7. Proof of insurance
You will need to provide proof of insurance (usually in the form of a declarations page) before you can drive off the lot in your new car. And depending on the lender, you may need to carry certain coverage or deductibles. For instance, some lenders will allow $1,000 comprehensive and collision deductibles, while others set a maximum deductible of $500.
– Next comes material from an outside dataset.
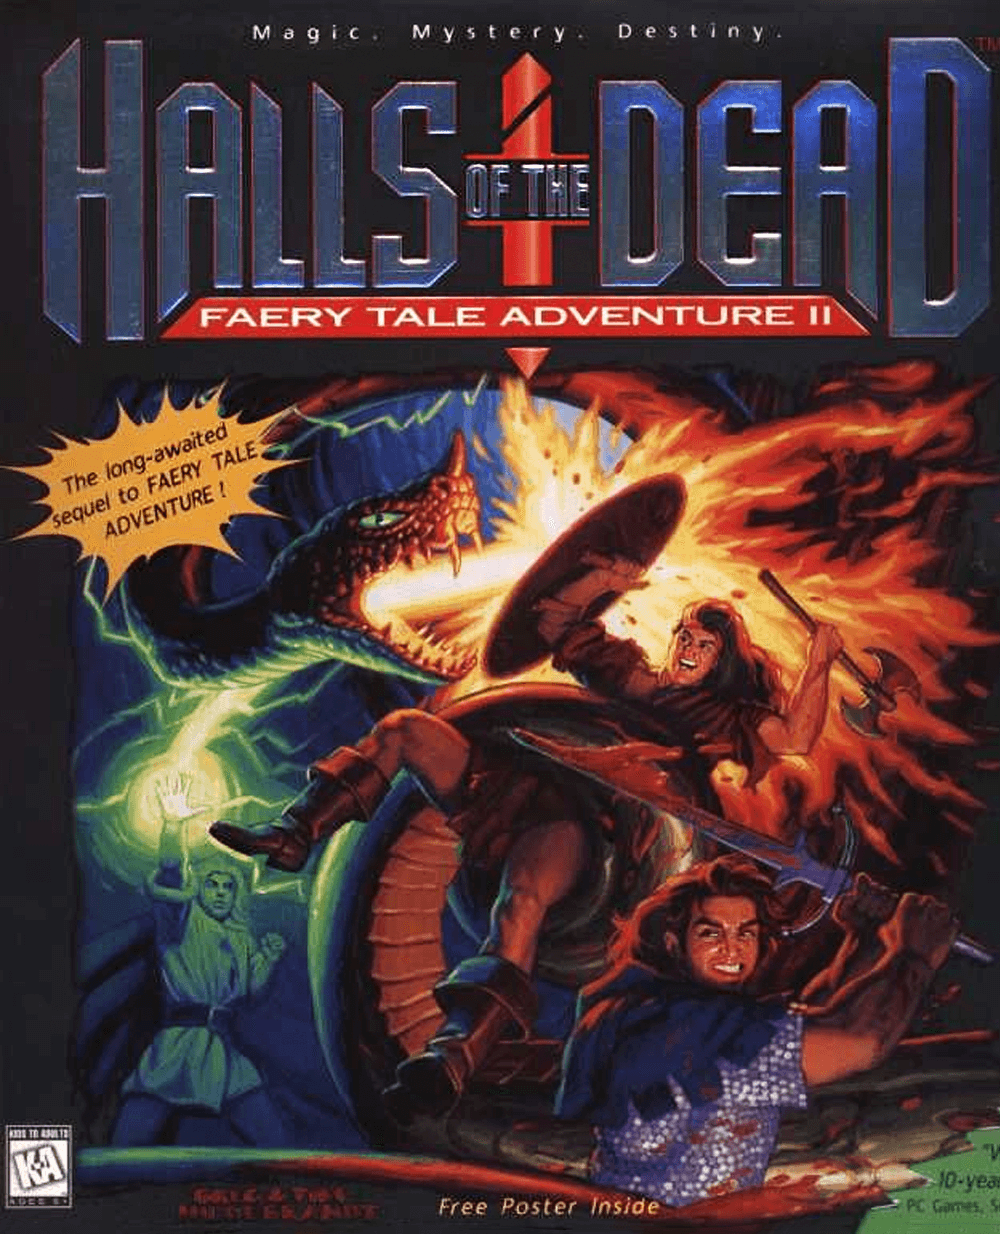 halls-of-the-dead-faery-tale-adventure-ii
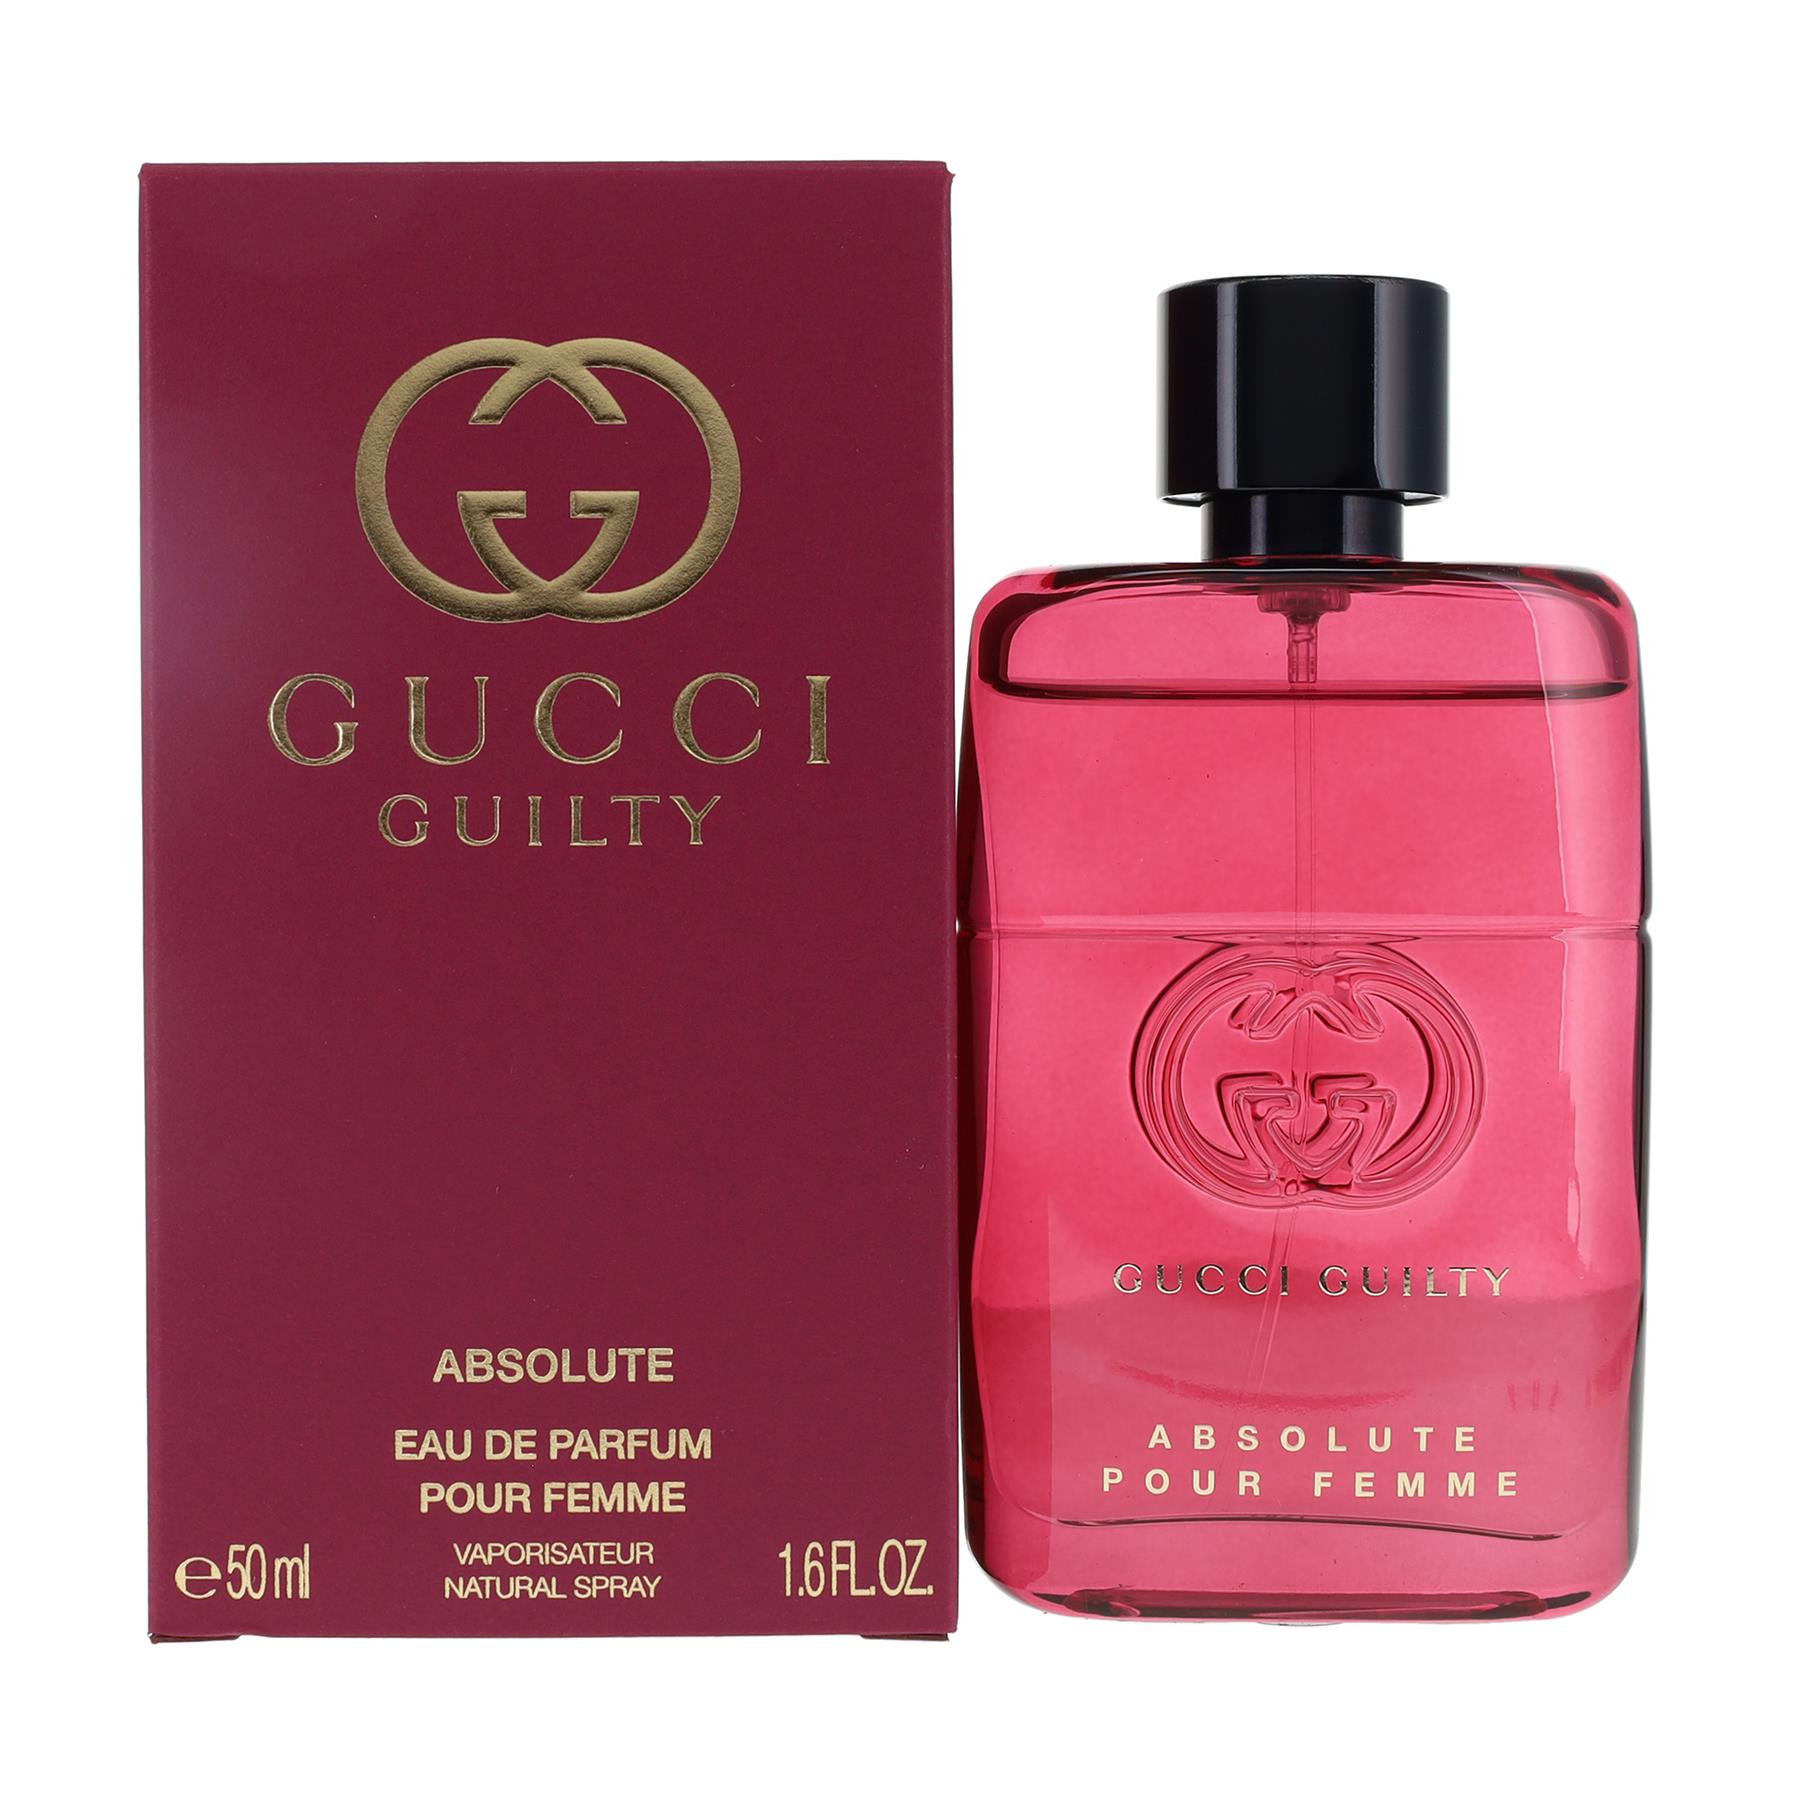 Gucci Guilty Absolute Pour Femme 50ml Eau de Parfum Spray for Her from Perfume Plus Direct

If you already have an auto insurance policy, your new car might be automatically covered by your existing policy for a certain amount of time, but this means the coverage you have on your current policy will extend to your new vehicle.
For instance, if you have liability-only coverage on your current policy, you’ll have liability-only coverage on your new vehicle.
While you’re crunching the numbers related to a new car, you should also consider how much it will cost to insure. It’s a good idea to compare auto insurance quotes before signing on the dotted line. Don’t settle on the first quote you receive, either. Getting multiple quotes can help you find the insurance company with the most competitive premium.
8. Down payment
It may go without saying, but make sure to bring your preferred method of payment when you’re ready to make a down payment on a car and apply for your loan. This may include:
- Cash
- Personal check
- Cashier’s check
- Credit card
- Debit card
- Preapproved car loan
- Personal loan
If you’re planning on using a credit or debit card, ask the dealer if they accept this form of down payment, if there’s a cap on how much you can charge and if there are extra fees involved. Also, check with your card issuer to see if there is a limit to the amount you can charge in a single transaction. The last thing you want is to find out at the dealer that you can only charge $2,000 a day when the total down payment is $5,000.